Pandas copy on write

As of August 2025, I find the Pandas 2.3 documentation on Copy-on-Write and views versus copies very confusing. I guess I am not alone. This note covers:

How does Pandas store data?

pandas.DataFrame and pandas.Series are the two core objects. Series contains a one-dimensional array, behaving like a numpy.ndarray, plus a pandas.Index object. Just like built-in container objects, think of a Series as just a bunch of references to Python objects that serve as the underlying data. These data could be anything, including mutable or immutable objects.

Similarly, the DataFrame is best thought of (for copy semantics purposes) as a two-dimensional numpy.ndarray containing data, along with two Index objects, which label the rows and columns.
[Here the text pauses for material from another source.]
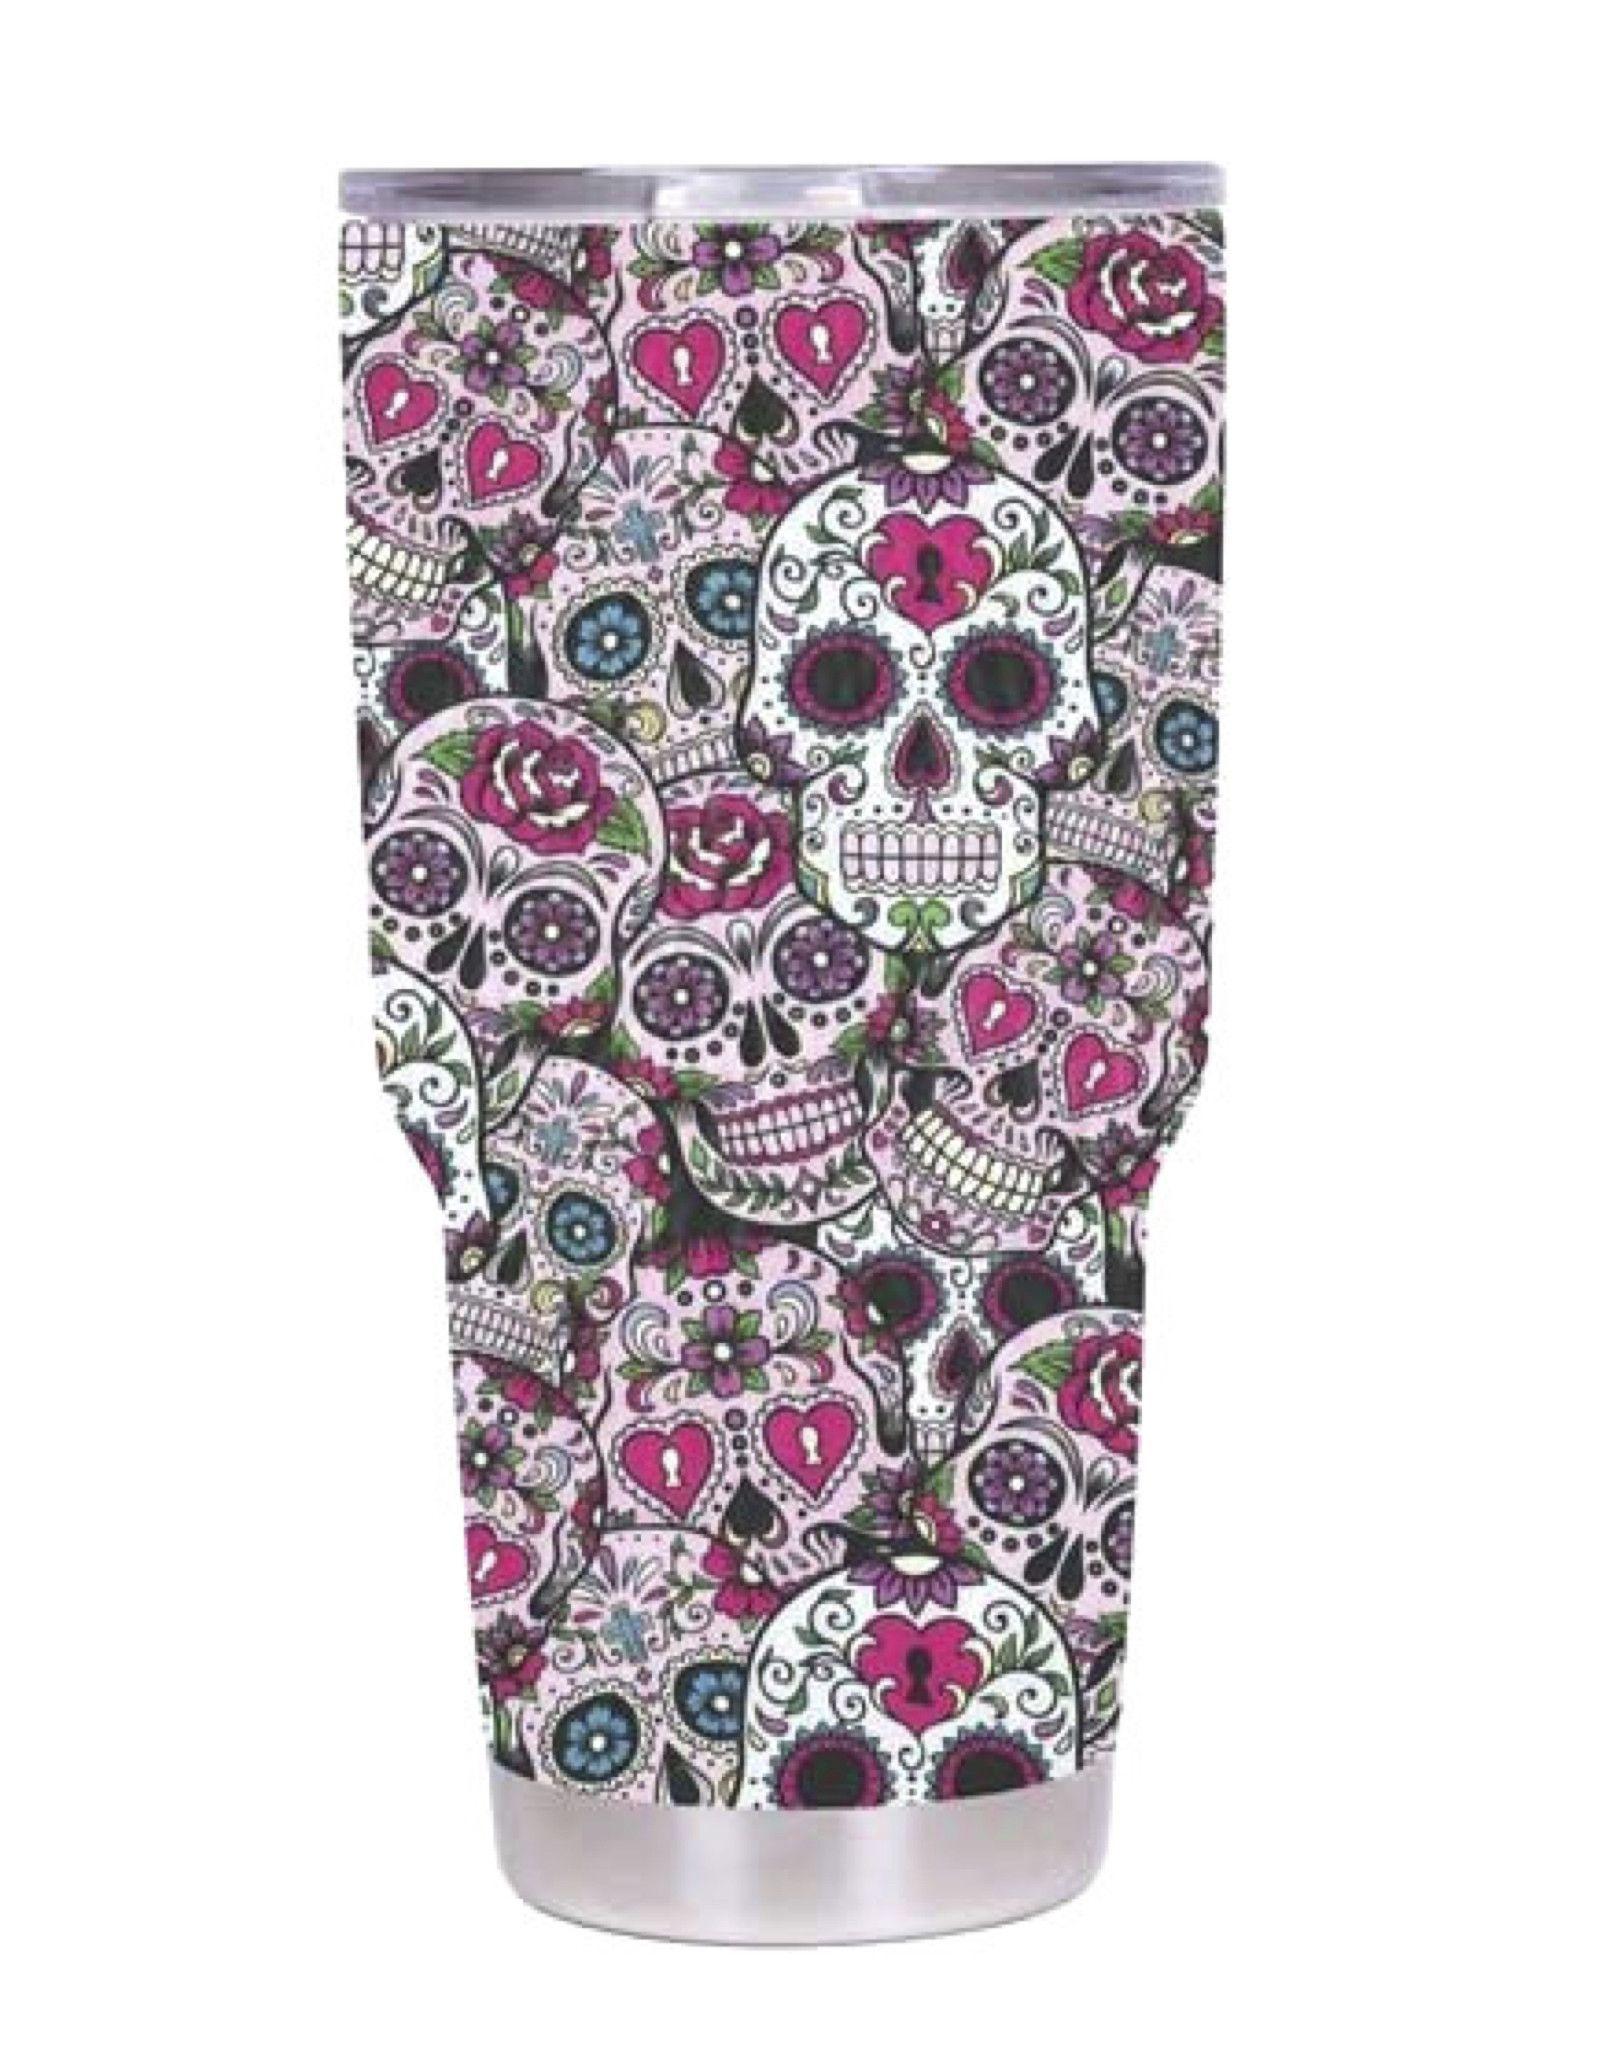 Pink Sugar Skull YETI Oz Rambler Tumbler Products Pinterest - Sugar skull yeti cup

What do we mean by "view" and "copy"?

If DataFrame or Series object b is created from a, it may be:

Returning a view versus a copy (when subsetting in Pandas)

When Copy-on-Write is turned off in global options, any operation like

newdf = df['column1']
newdf = df.loc[:10, 'column1']
newdf = df[:10]
newdf = df.iloc[0]

is, according to the (confusingly written) docs1, ambiguous about whether newdf is a view or copy of df. If we now run newdf['column1'] = newdata, we don't know whether df is modified too. Similarly, "chained assignment" operations like df['column1'][:10] = newdata obviously try to modify df but do not actually guarantee that df is modified. However, any operation like

df['column1'] = newdata
df.loc[:10, 'column1'] = newdata
df[:10] = newdata
df.iloc[0] = newdata

gets translated into a call to __setitem__, which modifies df in-place.

What is Copy-on-Write?

Again, I find the docs confusing2. In the "Description" section the docs say:

CoW means that any DataFrame or Series derived from another in any way always behaves as a copy. As a consequence, we can only change the values of an object through modifying the object itself. CoW disallows updating a DataFrame or a Series that shares data with another DataFrame or Series object inplace.

I would rewrite this as:

With CoW enabled, a new DataFrame or Series that is derived from another in any way (e.g. by subsetting, appending, updating another) will unambiguously behave as a copy of the old one:

Of course, things like passing a DataFrame to a function, or writing df1 = df2 will continue to just create new references to the same DataFrame, not create a new copy of it.

What is the purpose of Copy-on-Write warnings?

Users frequently get warnings that look like

SettingWithCopyWarning: A value is trying to be set on a copy of a slice from a DataFrame.

This is a warning that you have created some new DataFrame derived from an existing one, and are now modifying the new one. Once CoW is turned on, the behavior of your code may change. It also may mean the code gives unexpected behavior with CoW turned off; as noted above, it is typically ambiguous (without CoW) whether the new DataFrame is a view or copy of the existing one.

For example, the documentation has this code:

df = pd.DataFrame({"foo": [1, 2, 3], "bar": [4, 5, 6]})
df2 = df.reset_index(drop=True)
df2.iloc[0, 0] = 100

With CoW, df2 behaves like a copy, and only df2 is modified.

Without CoW, df2 is a view with the exact same data as df, and both DataFrames are modified. Pandas warns you about modifying df2 because it is derived from df.

To address the warning, you can either refactor so this pattern doesn't occur, turn on CoW if CoW behavior is desirable, or explicitly copy() the old DataFrame when creating the new one.


  1. Unfortunately the Pandas documentation page jumps straight to chained indexing, which is confusing, but the key line is in parentheses:

    See that __getitem__ in there? Outside of simple cases, it’s very hard to predict whether it will return a view or a copy (it depends on the memory layout of the array, about which pandas makes no guarantees)...

  2. Part of the problem is the docs start with a description of old behavior, then jump straight to how to migrate, without defining what this thing even means. Also, the statement "CoW disallows updating a DataFrame or a Series that shares data with another DataFrame or Series object inplace" seems simply wrong as written, because it is perfectly fine to update any object in-place. It's just that users sometimes try updating an object by first constructing a view of it and then modifying the view, which will no longer work.